Right, now I get it!


----------



## Texan Eagle (Nov 4, 2012)

rrdude said:


> lthanlon said:
> 
> 
> > The Onion offers a unique perspective...
> ...


Only to be topped by this one-

Obama Replaces Costly High Speed Rail Plan with High Speed Bus Plan [Video]
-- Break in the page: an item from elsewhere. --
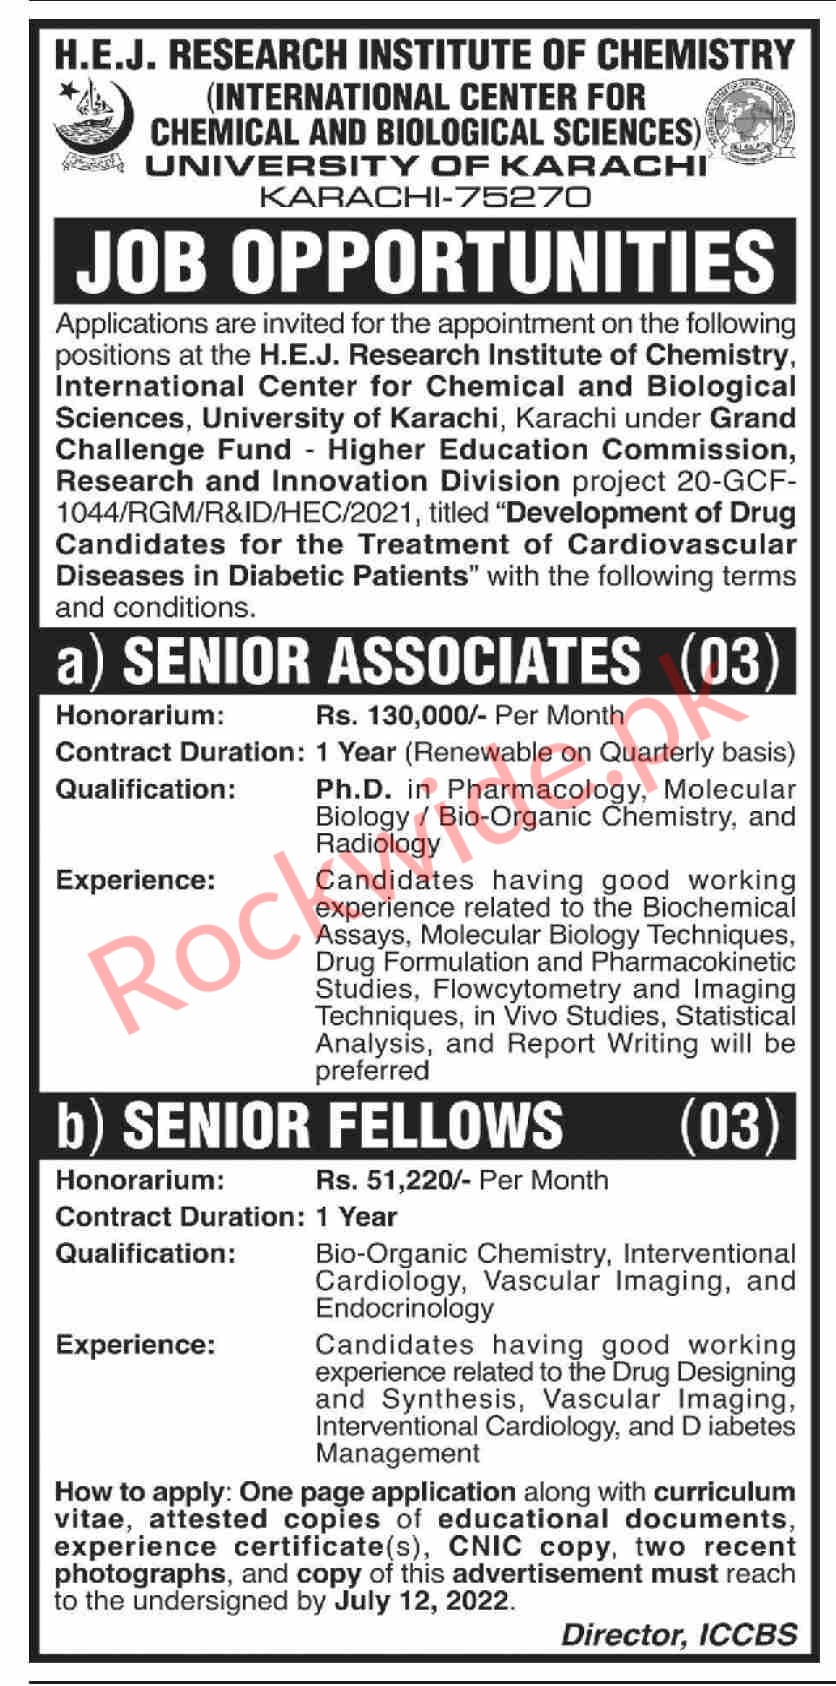 The University of Karachi jobs

I particularly liked the animations.


----------



## lthanlon (Nov 4, 2012)

Texan Eagle said:


> Only to be topped by this one-
> 
> Obama Replaces Costly High Speed Rail Plan with High Speed Bus Plan [Video]
> 
> I particularly liked the animations.


I liked the "business class" section that consists of pen-and-pencil-holding paper cups taped to the seatbacks.


----------



## Swadian Hardcore (Nov 4, 2012)

Texan Eagle said:


> rrdude said:
> 
> 
> > lthanlon said:
> ...


Oh, no-no, you ain't fooling me with onions this time! Though decicated intercity busways may not be a bad idea.


----------



## jebr (Nov 4, 2012)

Swadian Hardcore said:


> Texan Eagle said:
> 
> 
> > rrdude said:
> ...


Outside of the NE, don't the interstates serve the job well enough? In an intercity environment, there's typically nothing slowing down a bus from going at least 65mph, which is better than the effective speed of trains, even excluding stops.


----------



## Trogdor (Nov 5, 2012)

Swadian Hardcore said:


> Oh, no-no, you ain't fooling me with onions this time! Though decicated intercity busways may not be a bad idea.


Would you believe it if they were radishes?


----------



## Swadian Hardcore (Nov 5, 2012)

Trogdor said:


> Swadian Hardcore said:
> 
> 
> > Oh, no-no, you ain't fooling me with onions this time! Though decicated intercity busways may not be a bad idea.
> ...


God, no!


----------